Morre adolescente que sobreviveu ao incêndio no 7° Batalhão

Aos 15 anos, Daniel Paulo Cardoso de Sousa morreu no final da tarde, 20 dias após incêndio em Centro Provisório.
14/06/2018, 18h30

Morreu no final da tarde desta quinta-feira (14/6) Daniel Paulo Cardoso de Sousa, de 15 anos, único adolescente a sobreviver ao incêndio no Centro de Internação Provisória (CIP), no dia 25 de maio. Nove jovens morreram carbonizados.

Ele era um dos 11 adolescente internados no alojamento 1 da ala “A” do  Centro de Internação. Um motim dos jovens, conforme sustentado pelo Estado de Goiás, mas contestado por familiares, teria ocasionado o incêndio que matou, agora, 10 adolescentes. O sonho do menino era voltar tocar violino na igreja.

Daniel sobreviveu por 20 dias em um leito da Unidade de Terapia Intensiva (UTI) do Hospital Estadual de Urgências da Região Noroeste de Goiânia Governador Otávio Lages de Siqueira (Hugol).

Ontem (13/6), Daniel soube por meio de uma psicóloga que teria de se acostumar com a falta do braço esquerdo. Ele chorou.

A avó disse ao Portal Dia Online que, durante todo o período de visita, o menino tentou conversar. “Ele chorou, sorriu. Parecia que queria falar algo. Ficou me olhando até eu sumir pela porta”, lembra Conceição Cardoso da Silva, de 70.

“Eu não aceitava ele morrer. Mas a febre não passava. Os médicos davam remédio, mas não passava”, disse, ao confirmar a morte do sobrinho, Ronivon Cardoso, de 46.

Daniel morreu horas depois de um protesto na Assembleia Legislativa do Estado de Goiás (Alego). Crucifixos fixados no chão e fotografias dos jovens mortos foram expostos no gramado do órgão.

Enquanto isso, a deputada Adriana Arccorsi conduzia Audiência Pública em que foi discutida a violência aos jovens em Goiás. Em diversos momentos, o nome de Daniel era evocado.

Morre menino que sobreviveu ao incêndio no 7° Batalhão
Protesto contra morte dos jovens. Crédito: Maianí Gontijo

Memória

Em duas cartas enviadas para a avó, o adolescente promete não “mexer com drogas e roubar”, mas não abre mão de “usar as roupas” de que gosta e, disse que quando saísse, iria “passar a ir mais na igreja porque eu tenho muito que agradecer a Deus”.

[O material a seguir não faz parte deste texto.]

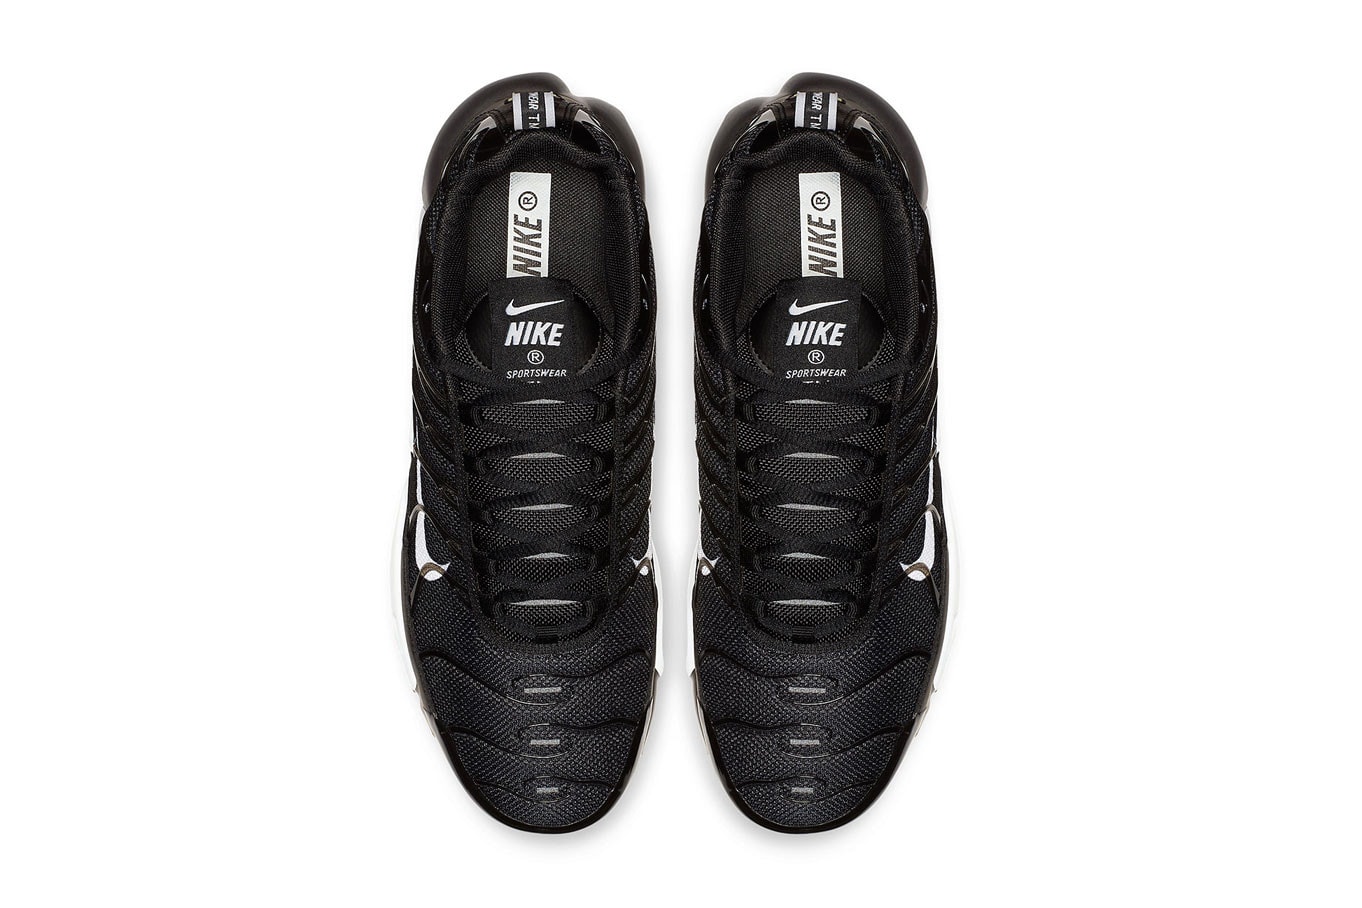 Nike Air Max Plus “Overbranding” Series Double Swoosh Black White Sneaker Shoe 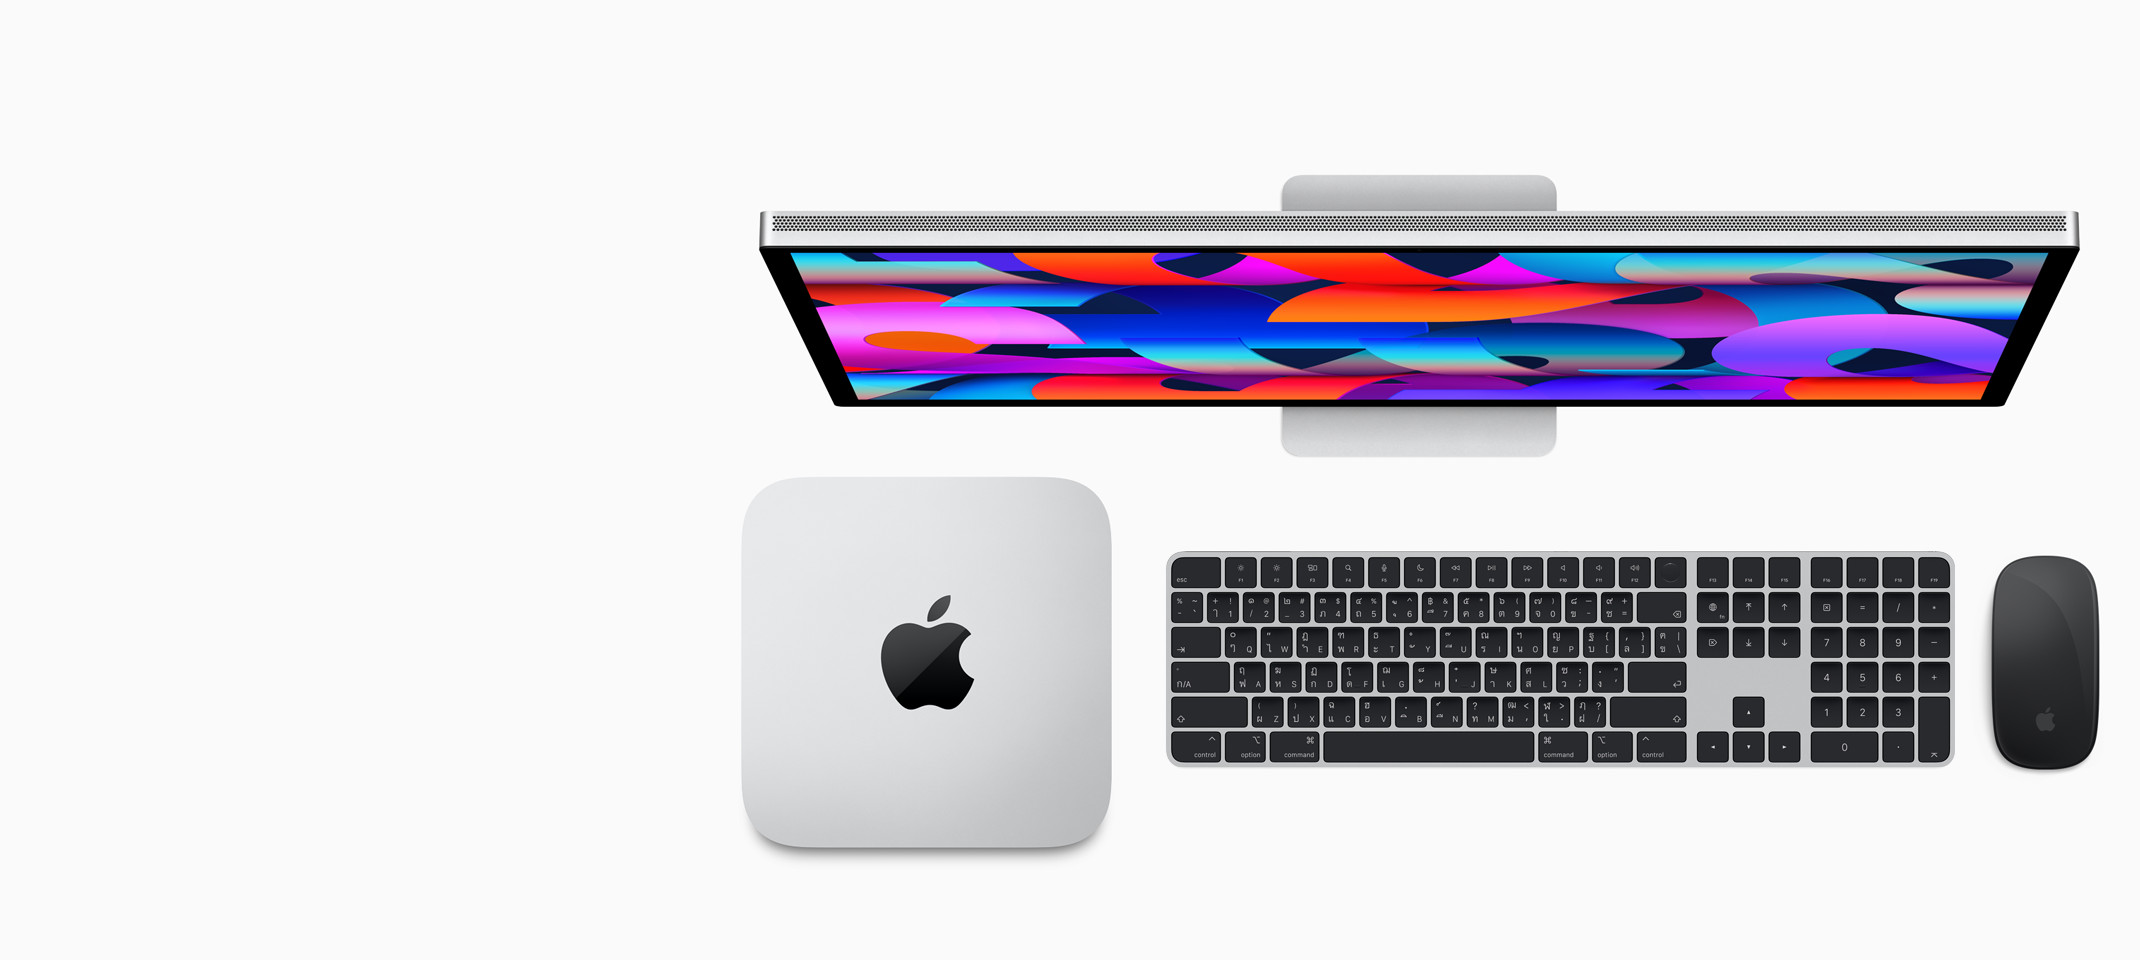 Studio Display และ Mac Studio มี Magic Keyboard พร้อม Touch ID และปุ่มตัวเลข และ Magic Mouse

Escrita com caneta preta no dia 15 de maio, o menino pede a Conceição que ela compre linhas “mais claras”, porque “fica mais bonito” as capas de crochês para filtros de barros que ele fabricava no Centro de Internação.

No texto, ele conta que está “fazendo jejum de manhã para ver se eu vou embora” e comemora que passou a dormir na cama de cima, saindo do corredor.

“Tadinho, ele era obrigado a ficar de olho em um fogo que os meninos colocavam no chão. Não podia deixar apagar”, conta.

Morre adolescente que sobreviveu ao incêndio no 7° Batalhão
Avó esperava o neto voltar para tocar violino. (Foto: Yago Sales)

“Agora eu tô dormindo na cama mais alta. Eu saí do corredor. Agora não preciso ficar de olho no fogo mais. KKKK. Agora só vou ficar deitado até no dia em que for embora. KKK”, escreve, antes de dizer que ama a sobrinha.

“Tô sentindo muita saudade de vocês. Gostei do perfume e da camiseta”, agradece, antes de escrever “ti amo”.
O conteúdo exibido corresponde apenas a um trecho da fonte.